Intravenous administration of the food-derived opioid peptide Gluten Exorphin B5 stimulates prolactin secretion in rats

Gluten Exorphin B5 (GE-B5) is a food-derived opioid peptide, identified in vitro in enzymatic digests of wheat gluten. It has been suggested that this peptide may play a regulatory role on pituitary secretion, since it stimulates prolactin (PRL) secretion when administered in the cerebral ventricles in rats. It is not known, however, if GE-B5 can exert this stimulatory action after peripheral administration.
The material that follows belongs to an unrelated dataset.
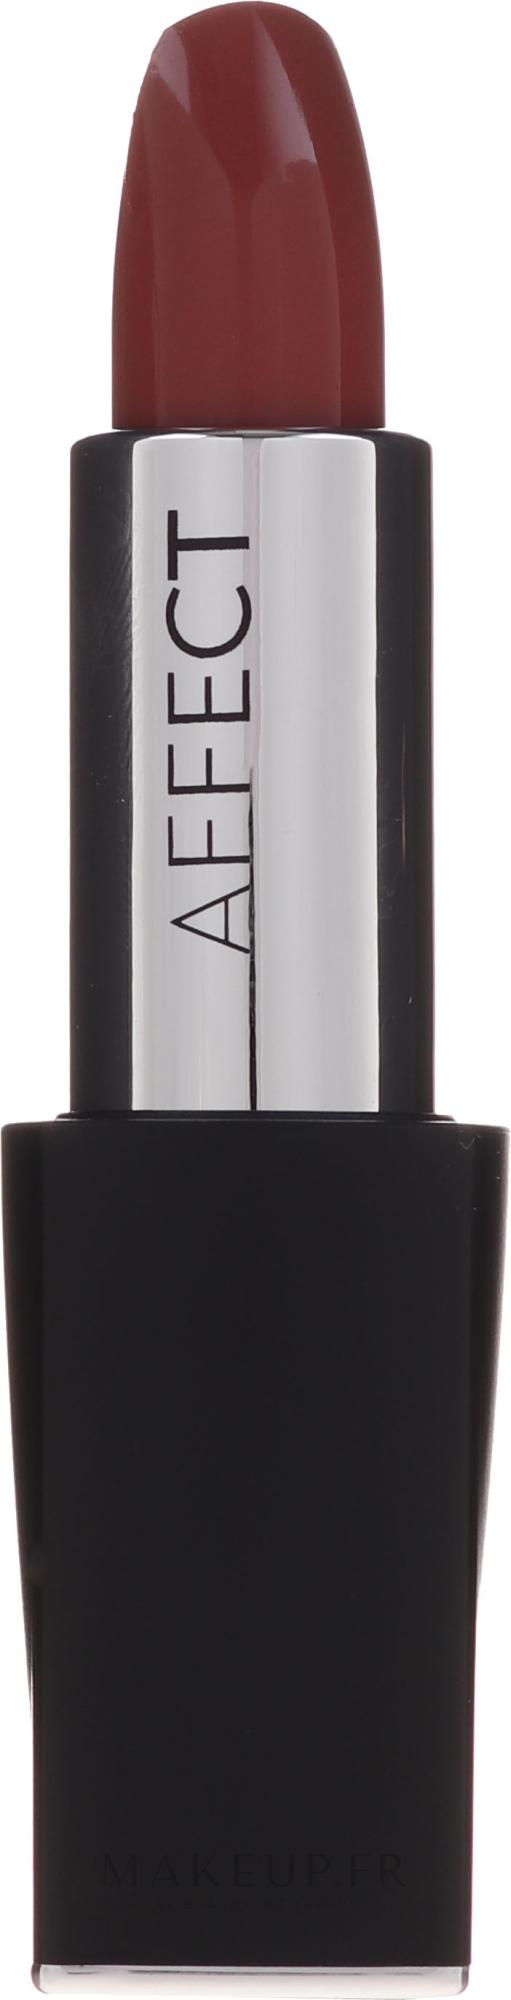 Rouge à lèvres - Affect Cosmetics Macadamia Oil Satin Lipstick — Photo Simple Plan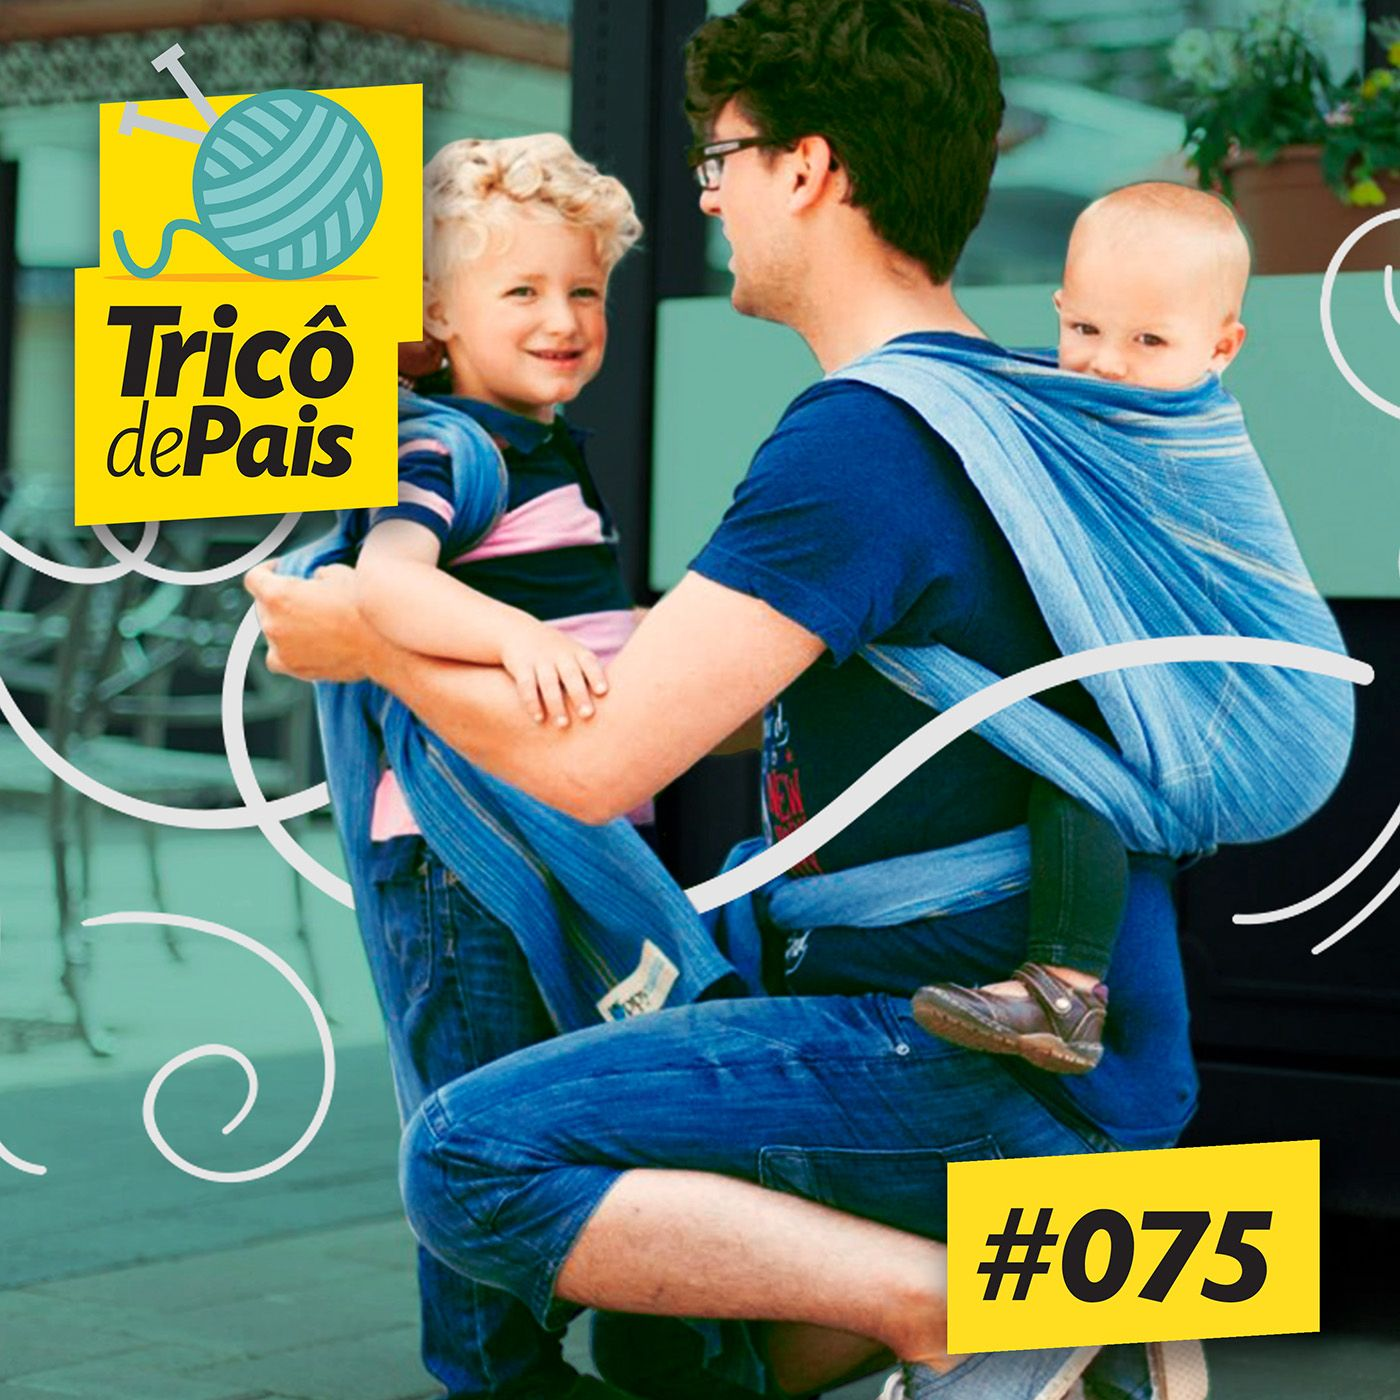 #075 - Babywearing feat. @paicarregadeiro

In order to clarify this aspect, we gave the following treatments to four groups of male rats: intravenous (i.v.) vehicle, GE-B5 3 mg/kg body weight i.v., naloxone intraperitoneally (i.p.) followed by vehicle i.v., naloxone i.p. followed by GE-B5 i.v. Blood samples for PRL were taken at intervals for 60 min after vehicle or GE-B5 administration. At the dose of 3 mg/kg body weight, GE-B5 induced a significant increase in PRL levels; naloxone completely abolished any effect of GE-B5 on PRL secretion. The present study indicates that GE-B5 stimulates PRL secretion after peripheral administration and that its action is mediated via classical opioid receptors; moreover, it identifies the minimum peptide dose which must reach the blood in order to exert its action on PRL secretion.